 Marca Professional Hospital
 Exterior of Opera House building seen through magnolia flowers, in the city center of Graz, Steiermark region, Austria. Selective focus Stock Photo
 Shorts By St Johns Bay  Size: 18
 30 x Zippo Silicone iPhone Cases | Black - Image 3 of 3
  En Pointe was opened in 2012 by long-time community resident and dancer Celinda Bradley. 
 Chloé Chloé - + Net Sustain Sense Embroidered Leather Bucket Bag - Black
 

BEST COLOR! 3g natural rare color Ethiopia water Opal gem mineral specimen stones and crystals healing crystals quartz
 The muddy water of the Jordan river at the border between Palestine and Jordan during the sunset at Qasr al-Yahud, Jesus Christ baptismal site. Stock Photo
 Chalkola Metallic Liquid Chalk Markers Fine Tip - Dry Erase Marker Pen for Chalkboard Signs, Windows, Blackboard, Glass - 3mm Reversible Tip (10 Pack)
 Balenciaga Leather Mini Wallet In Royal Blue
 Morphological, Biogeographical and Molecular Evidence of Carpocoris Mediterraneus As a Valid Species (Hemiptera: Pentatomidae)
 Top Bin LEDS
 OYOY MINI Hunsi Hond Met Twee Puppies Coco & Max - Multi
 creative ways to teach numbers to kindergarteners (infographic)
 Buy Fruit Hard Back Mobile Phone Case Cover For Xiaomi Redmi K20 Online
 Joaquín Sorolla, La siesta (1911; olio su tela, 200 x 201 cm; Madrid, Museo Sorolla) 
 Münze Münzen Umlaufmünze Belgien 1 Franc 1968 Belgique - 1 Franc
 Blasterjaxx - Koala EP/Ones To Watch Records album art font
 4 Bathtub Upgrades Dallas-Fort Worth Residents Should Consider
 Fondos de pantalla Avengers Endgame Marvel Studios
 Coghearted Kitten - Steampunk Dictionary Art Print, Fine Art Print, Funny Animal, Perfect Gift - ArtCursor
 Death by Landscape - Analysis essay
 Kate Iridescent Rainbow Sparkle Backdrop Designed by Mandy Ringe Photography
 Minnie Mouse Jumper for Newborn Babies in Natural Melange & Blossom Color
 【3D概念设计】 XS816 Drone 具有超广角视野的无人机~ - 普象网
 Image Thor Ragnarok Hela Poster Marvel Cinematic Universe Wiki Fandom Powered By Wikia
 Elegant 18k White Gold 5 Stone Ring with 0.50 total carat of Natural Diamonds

++++++++++

**Problem requirements**
Some lines above may hold the word "Fine"; say how many do, giving nothing besides the number.

**Answer to the exercise**
2